Дело в том, что князей Шуйских было много, и большинство из них ребята со сложными характерами, так что намутить на плаху мог любой.
– Его, – подтвердил рассказчик, – Василия Ивановича! Суд-то был самый, что ни есть справедливый, судили ото всех сословий, бояре-то за своего радели, только царского гнева боялись, помалкивали, а простой народ против боярина Васьки кричал. Потом и сам государь начал вести допрос и так все умно говорил, что люди такому острому разуму очень дивились. Востер новый царь, сразу видно, сын Грозного.
Я твердо помнил, что после свержения нынешнего царя Шуйский правил пять лет и неразумным руководством довел страну до кризиса. А теперь выходило, что его сегодня казнят.

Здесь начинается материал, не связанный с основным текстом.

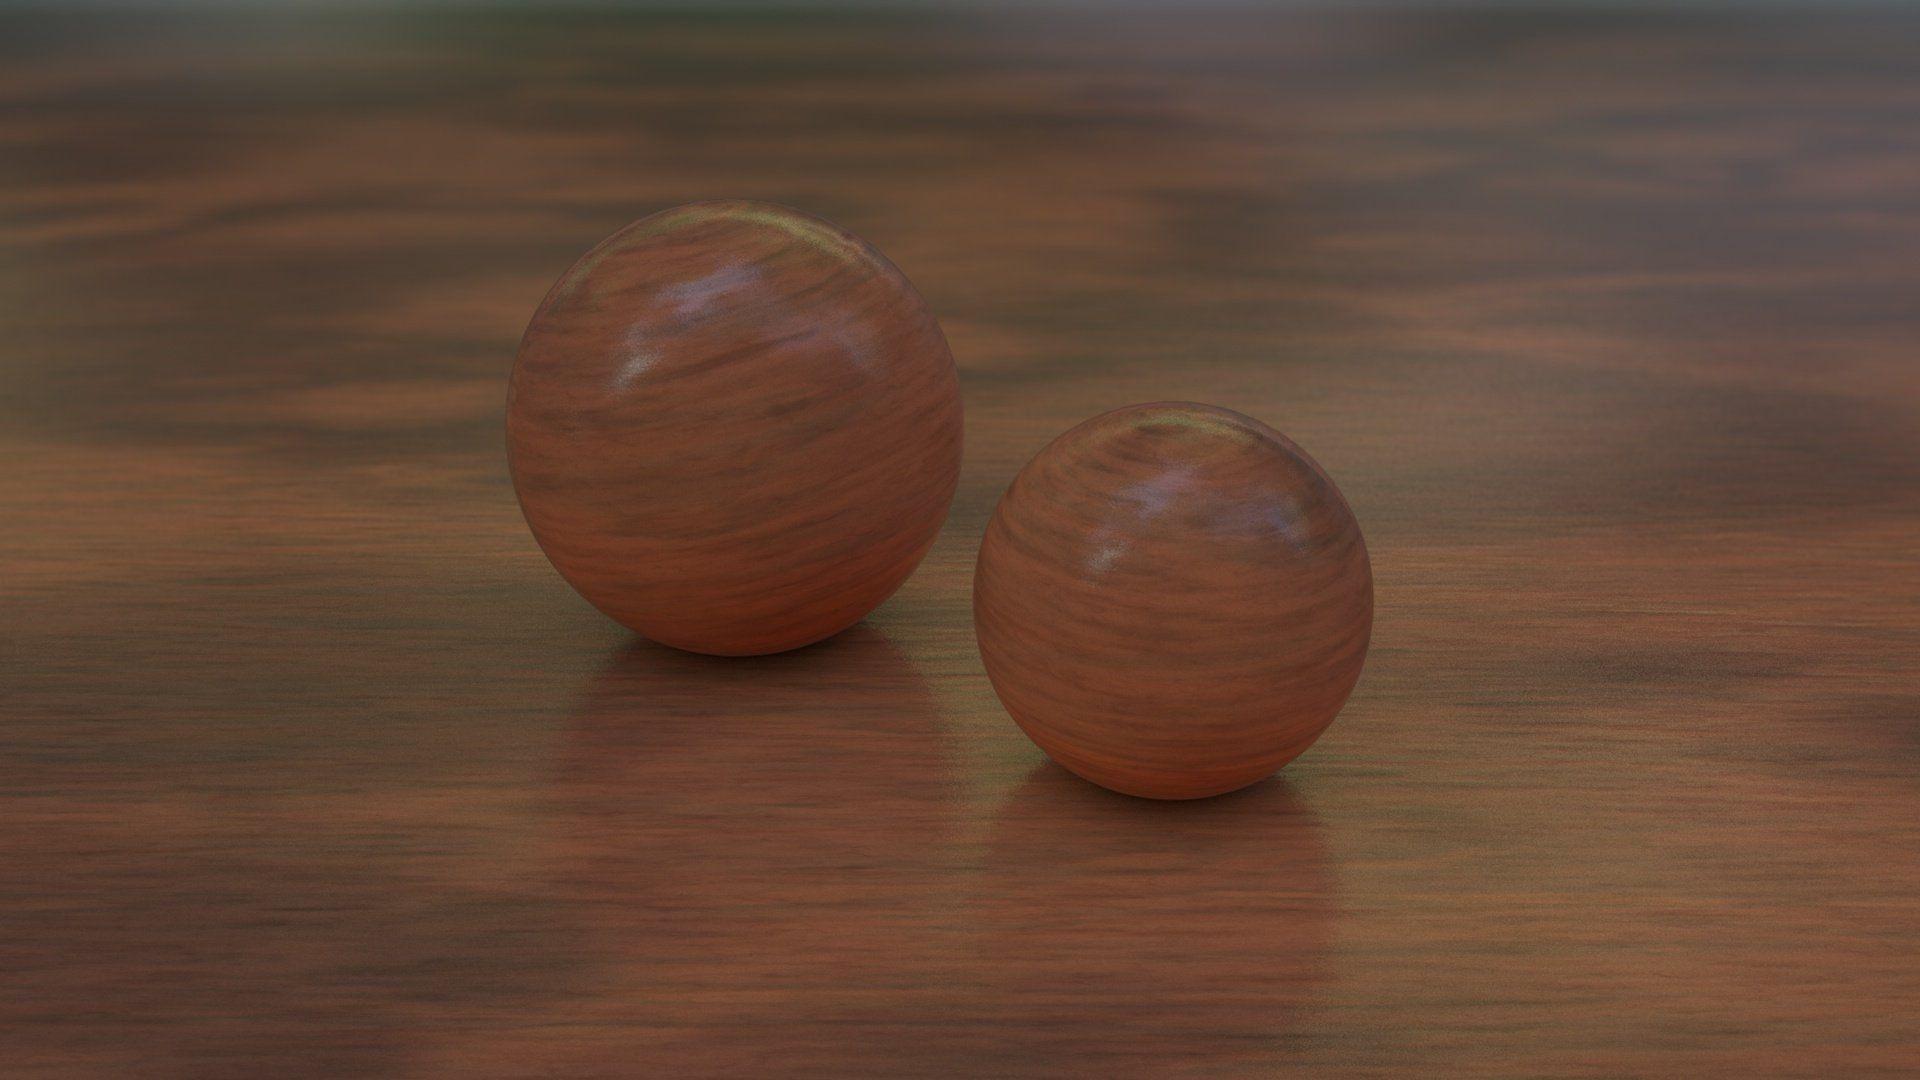 23 Seamless Tileable Wood Textures Seamless#Textures#Tileable #AD #woodtextureseamless 23 Seamless Tileable Wood Textures Seamless#Textures#Tileable #AD #woodtextureseamless 23 Seamless Tileable Wood Textures Seamless#Textures#Tileable #AD #woodtextureseamless 23 Seamless Tileable Wood Textures Seamless#Textures#Tileable #AD #woodtextureseamless 23 Seamless Tileable Wood Textures Seamless#Textures#Tileable #AD #woodtextureseamless 23 Seamless Tileable Wood Textures Seamless#Textures#Tileable #AD #woodtextureseamless

– А ты не можешь рассказать, что происходит в Москве, – спросил я говоруна. – Я только сегодня вернулся и ничего не знаю. Чего этот Шуйский натворил?
Польщенный вниманием, знаток политики солидно кивнул головой.
– Почему не рассказать, когда дело ясное, что дело темное. Значит, было так. Когда наш государь только пришел в Москву, Васька Шуйский подговорил торгового человека Федьку Конева и Костю-лекаря народ смущать, что, мол, новый царь – не царь, а самозванец, и поручил им разглашать об этом тайно в народе. Конев-то с Костей-лекарем и пошли по кабакам и на торгах языками болтать. Только их быстро изловили и править стали. Вот они на Ваську-то и показали. А тут и поляки пришли с жалобой к царю-батюшке, что Васька Шуйский хотел поджечь посольский двор, в котором они стоят. Вот Ваську-то поймали, да и на суд повели. Государь не стал крамолу на него наводить, а отдал дело на разбор большому собору, А там, кроме духовенства и членов Думы, были и простые люди. Я тебе говорил, что из простых никто не был за Шуйского, все на него кричали?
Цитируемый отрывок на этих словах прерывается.